◆ **Work instruction**:
Repeat the data as given. Images do not go in the copy.

◆ **Provided data**:
------------------------------------------------------------

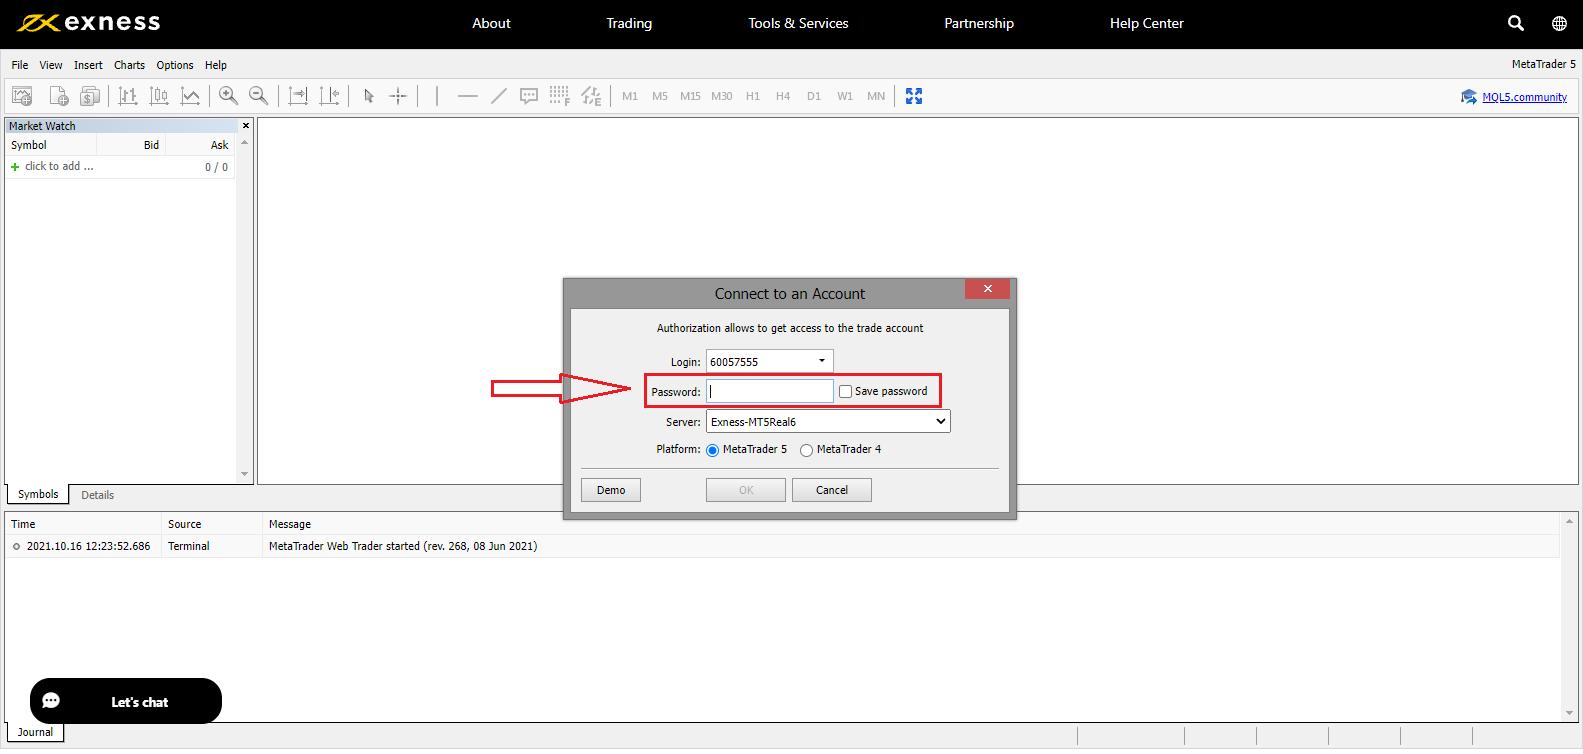 Exnessでアカウントにサインアップしてログインする方法
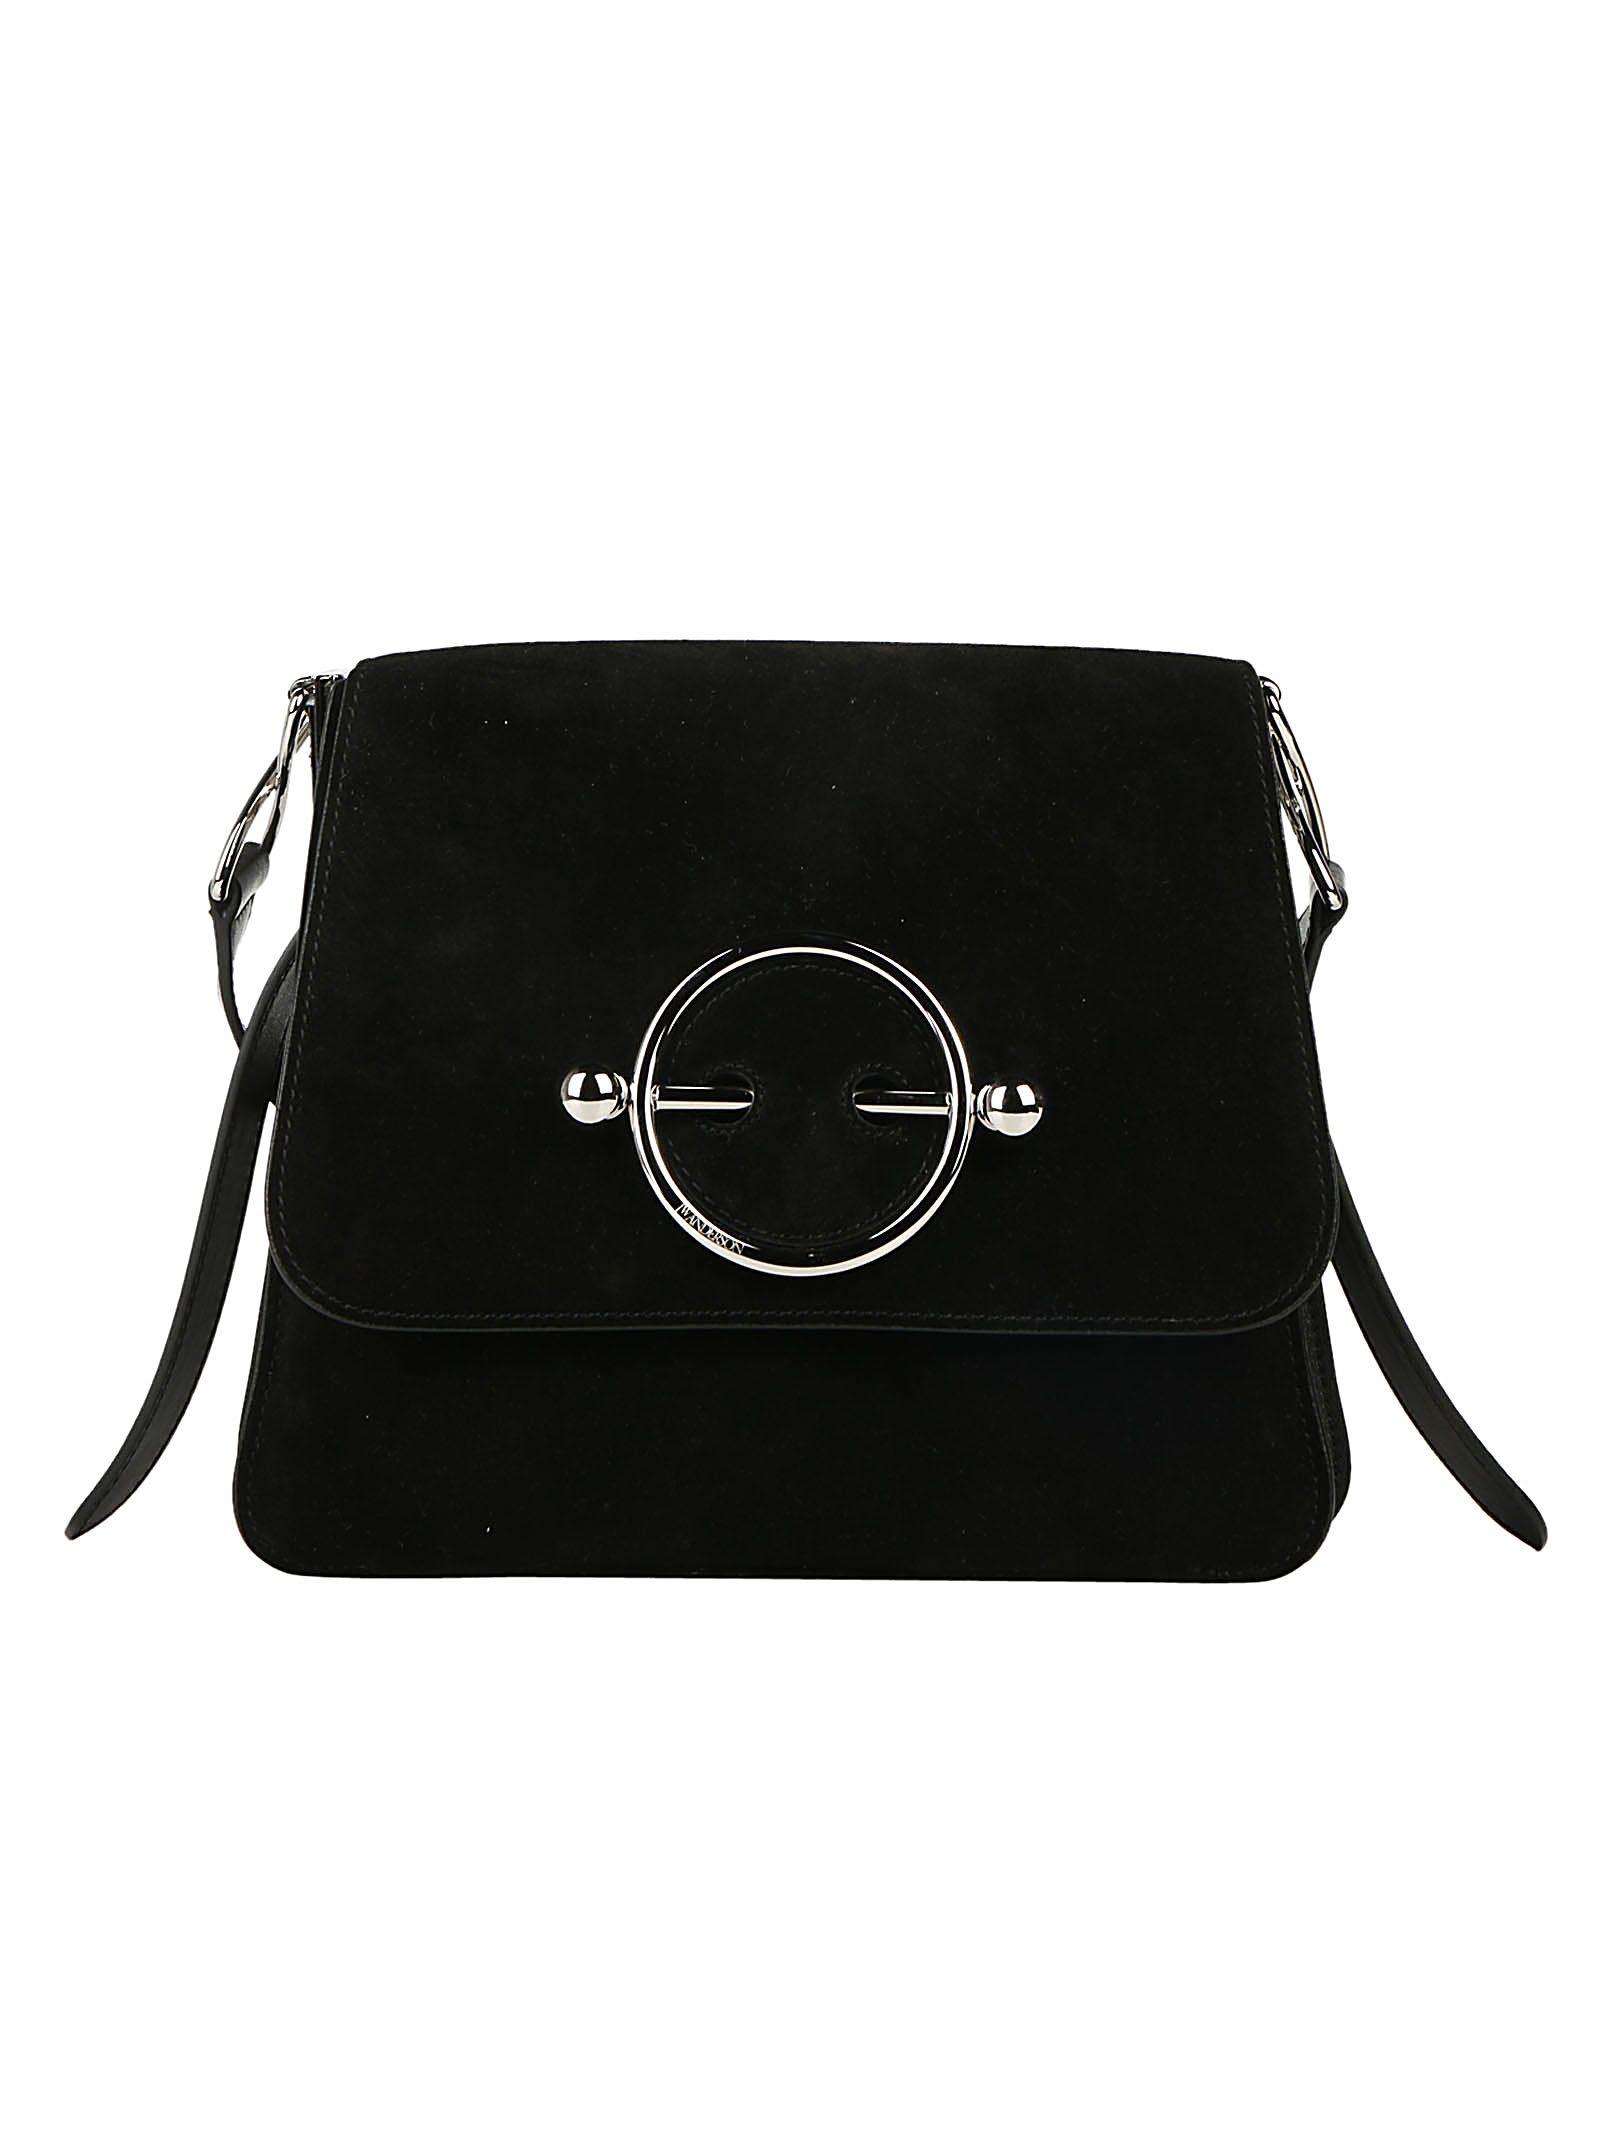 Black Disc shoulder bag J.W.Anderson 2mhjx2PbaB
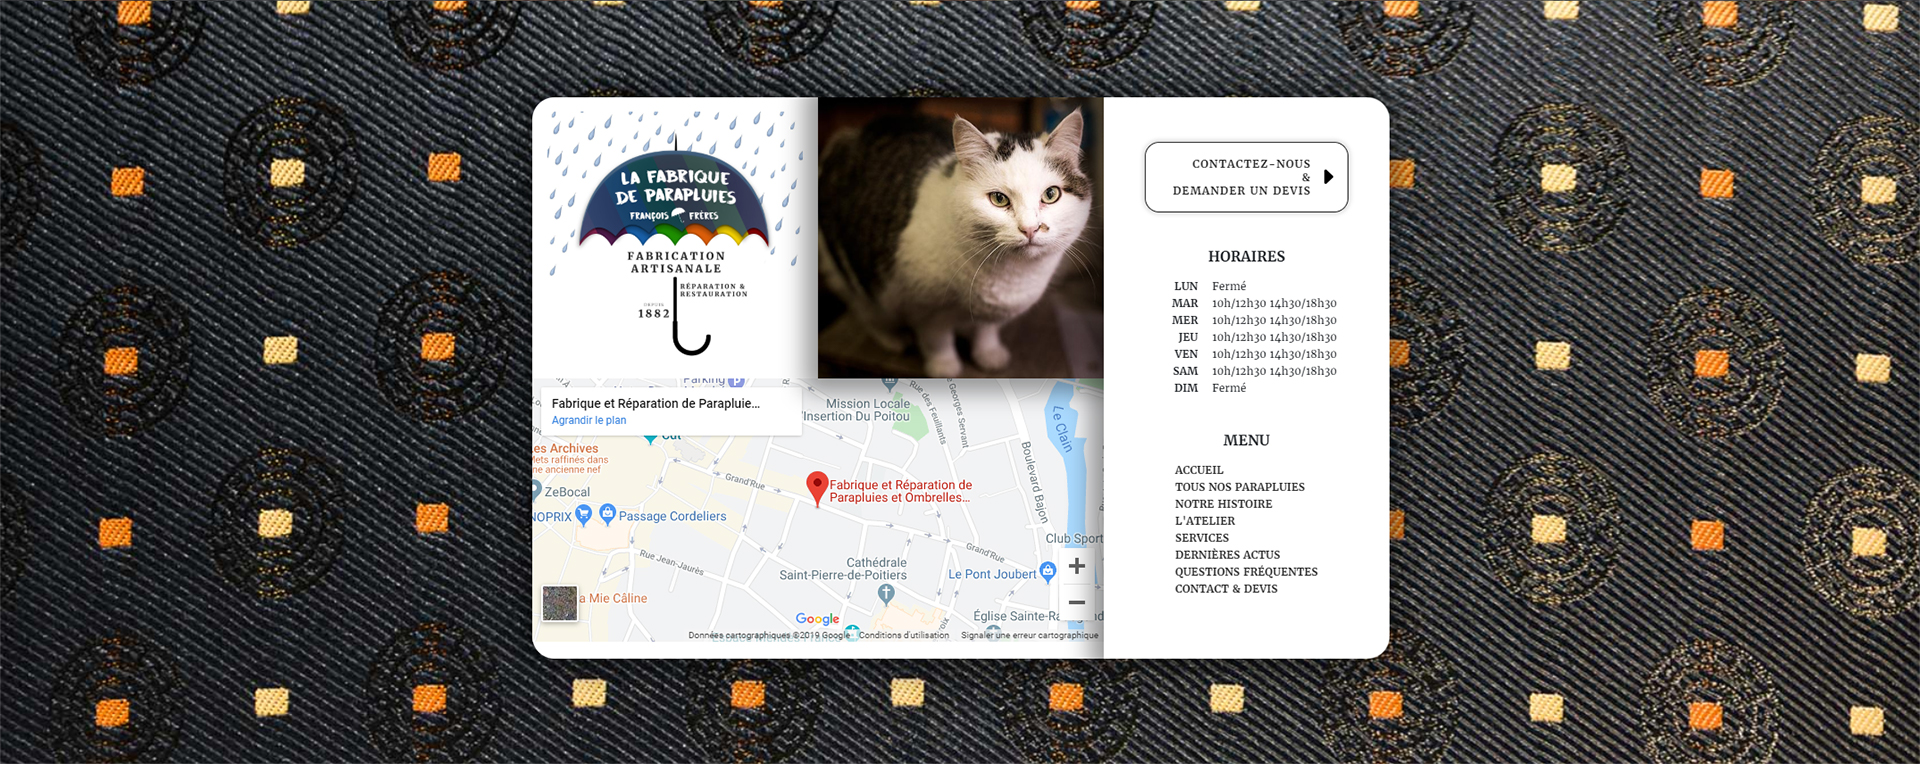 creation-de-site-internet-responsive-pour-la-fabrique-de-parapluie-par-infographiste-poitiers-2
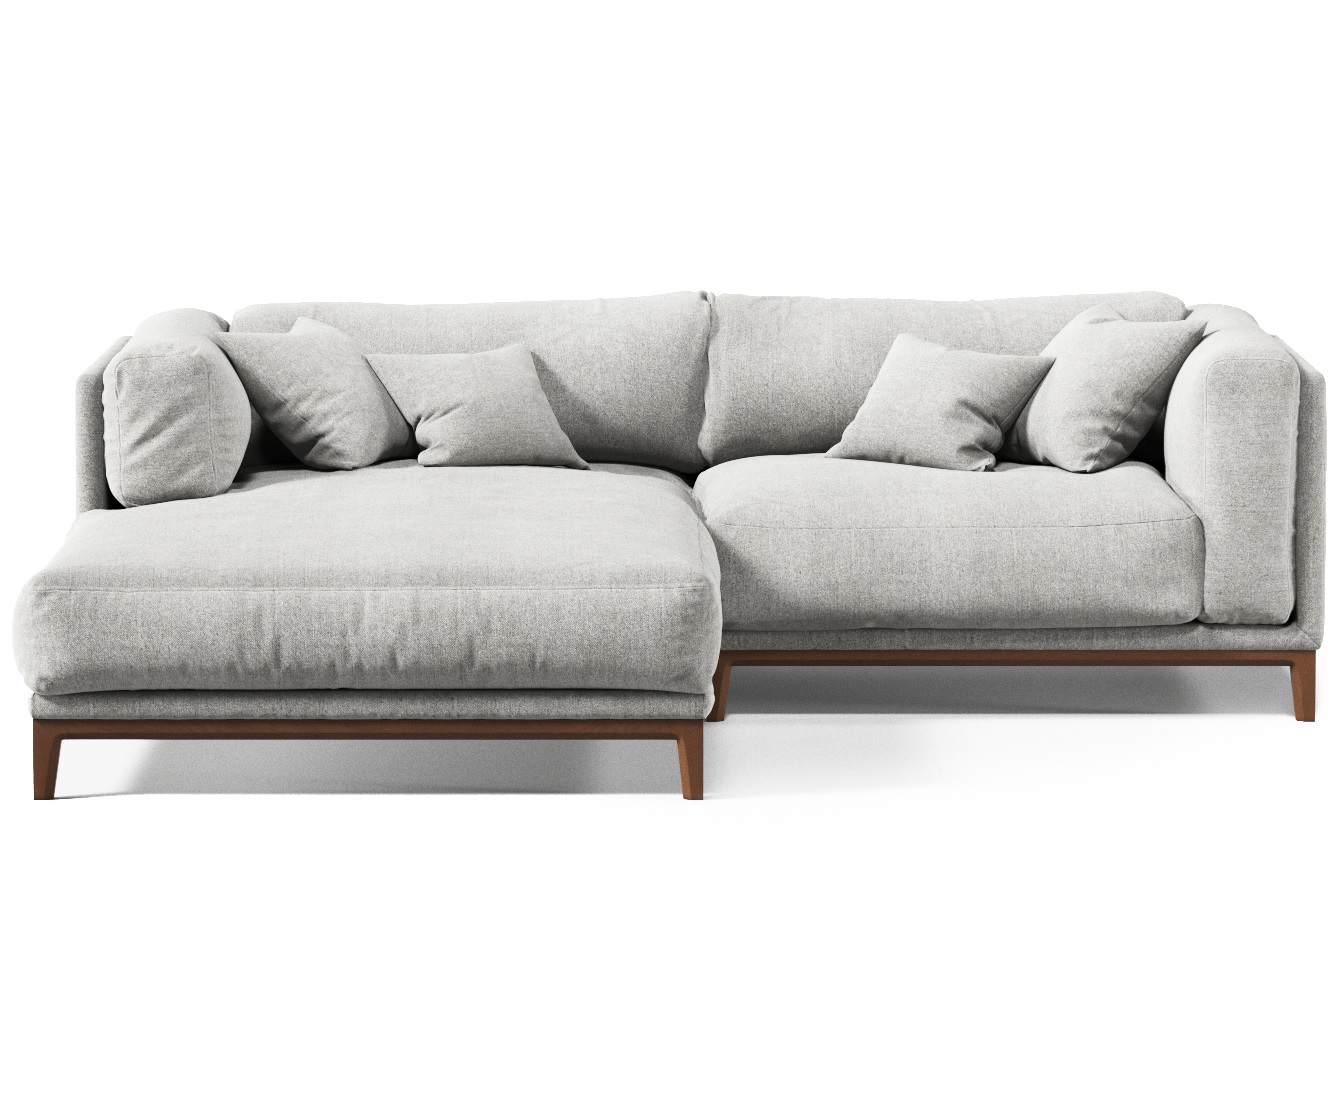 Диван Case 2Угловые диваны<br>&amp;lt;div&amp;gt;Эта модель трехместного дивана подойдет в любые помещения благодаря модульной конструкции, современному дизайну и эргономичному наполнителю. Объемные подушки из прорезиненного пенополиуретана нескольких степеней жесткости вместе с удобной глубокой посадкой создают необычайно комфортную зону отдыха и легко восстанавливают форму.&amp;lt;br&amp;gt;&amp;lt;/div&amp;gt;&amp;lt;div&amp;gt;&amp;lt;br&amp;gt;&amp;lt;/div&amp;gt;&amp;lt;div&amp;gt;Все чехлы съемные, их легко стирать. Диваны не имеют оборотной стороны и могут устанавливаться в центре помещения. В комплекте с диваном поставляются декоративные подушки.&amp;amp;nbsp;&amp;lt;div&amp;gt;Диван Case доступен к заказу в нескольких категориях ткани и с 5 вариантами тонировки ножек. Кроме того, возможен заказ дивана Case в индивидуальном размере и в собственной ткани.&amp;lt;/div&amp;gt;&amp;lt;div&amp;gt;Вы можете выбрать любой цвет обивки из палитры. В категории 1 цена без изменения. Категории 2 и 3 цена по запросу у менеджера.&amp;amp;nbsp;&amp;lt;div&amp;gt;Также возможны нестандартные варианты сочетания обивки и отделки дивана. Гарантия на изделия составляет 3 года.&amp;lt;/div&amp;gt;&amp;lt;/div&amp;gt;&amp;lt;/div&amp;gt;<br><br>Material: Текстиль<br>Ширина см: 248<br>Высота см: 80<br>Глубина см: 195

------------------------------------------------------------

◆ **Exercise result**:
 Exnessでアカウントにサインアップしてログインする方法
 Black Disc shoulder bag J.W.Anderson 2mhjx2PbaB
 creation-de-site-internet-responsive-pour-la-fabrique-de-parapluie-par-infographiste-poitiers-2
 Диван Case 2Угловые диваны<br>&amp;lt;div&amp;gt;Эта модель трехместного дивана подойдет в любые помещения благодаря модульной конструкции, современному дизайну и эргономичному наполнителю. Объемные подушки из прорезиненного пенополиуретана нескольких степеней жесткости вместе с удобной глубокой посадкой создают необычайно комфортную зону отдыха и легко восстанавливают форму.&amp;lt;br&amp;gt;&amp;lt;/div&amp;gt;&amp;lt;div&amp;gt;&amp;lt;br&amp;gt;&amp;lt;/div&amp;gt;&amp;lt;div&amp;gt;Все чехлы съемные, их легко стирать. Диваны не имеют оборотной стороны и могут устанавливаться в центре помещения. В комплекте с диваном поставляются декоративные подушки.&amp;amp;nbsp;&amp;lt;div&amp;gt;Диван Case доступен к заказу в нескольких категориях ткани и с 5 вариантами тонировки ножек. Кроме того, возможен заказ дивана Case в индивидуальном размере и в собственной ткани.&amp;lt;/div&amp;gt;&amp;lt;div&amp;gt;Вы можете выбрать любой цвет обивки из палитры. В категории 1 цена без изменения. Категории 2 и 3 цена по запросу у менеджера.&amp;amp;nbsp;&amp;lt;div&amp;gt;Также возможны нестандартные варианты сочетания обивки и отделки дивана. Гарантия на изделия составляет 3 года.&amp;lt;/div&amp;gt;&amp;lt;/div&amp;gt;&amp;lt;/div&amp;gt;<br><br>Material: Текстиль<br>Ширина см: 248<br>Высота см: 80<br>Глубина см: 195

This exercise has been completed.